ひととおり出来上がったら,データベースとJavaプログラム,クライアントのFlash画面を生成する。ノートパソコン上で20~30分ほどで自動生成は終了した。「作るものさえ決まっていれば,オフショア開発よりも圧倒的に安価」と羽生氏は強調した。完成したシステムはPostgreSQLやSeasar2,Flexなど大規模システムでも使われるオープンソース・ミドルウエアの上で稼働する。スターロジックではサーバー機を増強すれば1000ユーザー規模でも使用できるとしている。

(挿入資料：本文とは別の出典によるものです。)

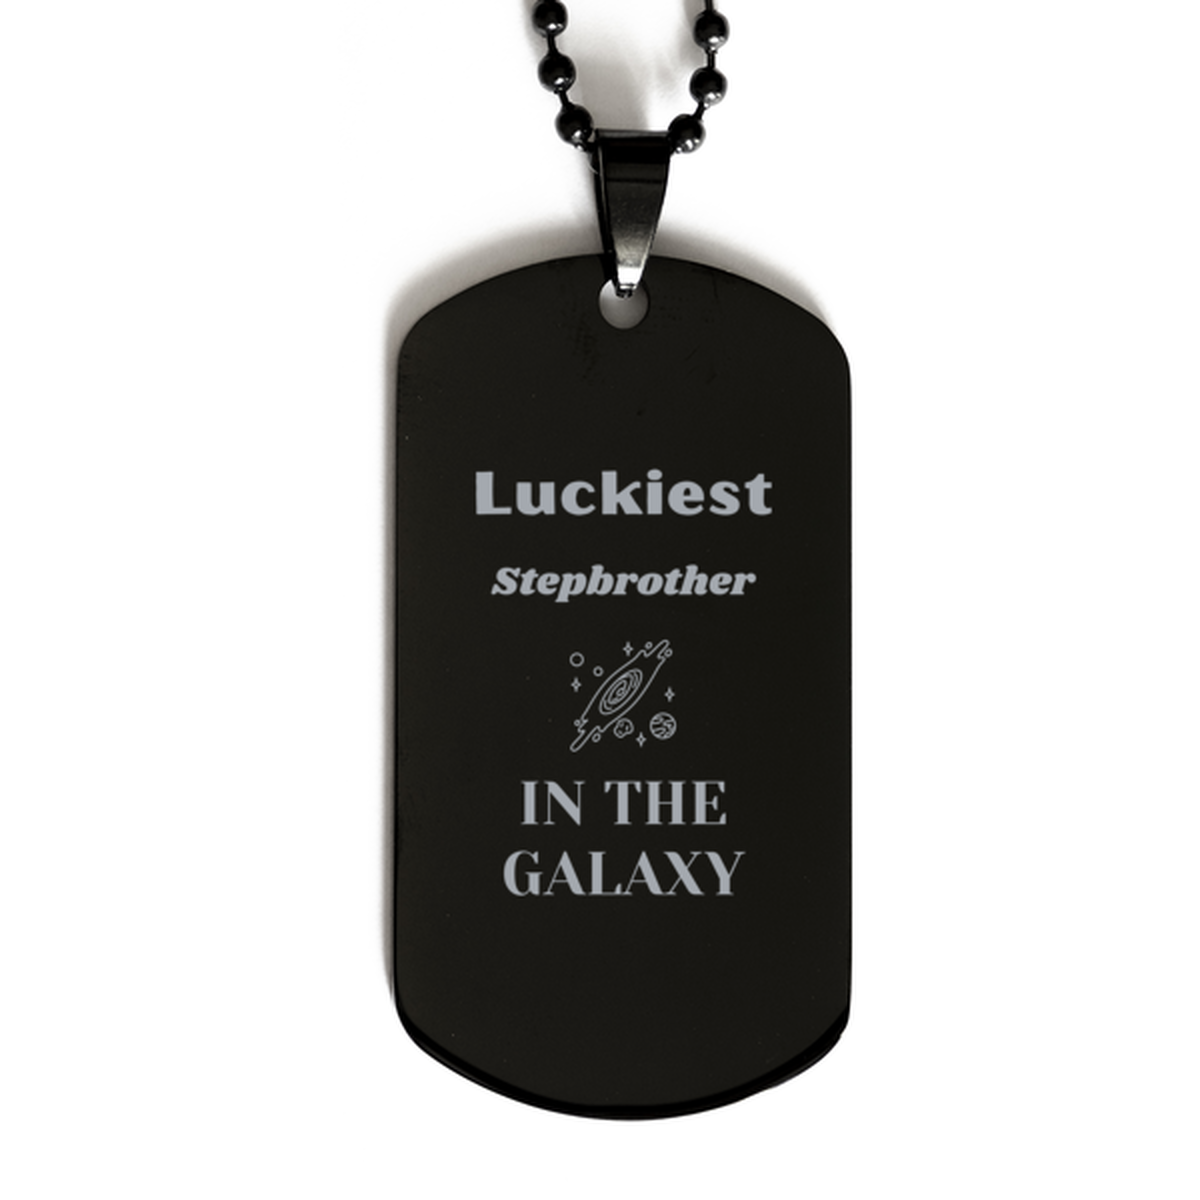 Luckiest Stepbrother in the Galaxy, To My Stepbrother Engraved Gifts, Christmas Stepbrother Black Dog Tag Gifts, X-mas Birthday Unique Gifts For Stepbrother Men Women

自動生成される画面レイアウトはギョイゾー!標準の定型スタイルだが,ポップアップによる入力候補選択など,これまでのシステム構築の経験から最も使いやすいユーザー・インタフェースを採用したという。閲覧権限のないデータは表示されす,実行権限のない機能のボタンは押せないようになっている。画面にはワークフローも表示され,全体の仕事の中でどの処理を実行しているのかがわかる。生成されたソースコードを変更すれば画面やロジックのカスタマイズも可能だ。
オフショア開発よりも圧倒的に安い
このような自動生成を可能にしたのは,Seasar2のDI(Dependency Injection)機能により高まったモジュールの独立性,ワークフロー・エンジンによるフローのデータとアルゴリズムからの独立であるという。「メインフレームからクライアント/サーバー,Webへと変遷してきた長い歴史の中で,業務システムは旧態依然のままでアーキテクチャの進化の恩恵に浴していなかった。今のテクノロジできちんと業務システムを作るということを考えた」(羽生氏)結果たどりついたのがこのアーキテクチャである。設計さえ決まれば,1000画面のシステムであっても1日かからず自動生成できるという。「オフショア開発よりも圧倒的に安価」(羽生氏)。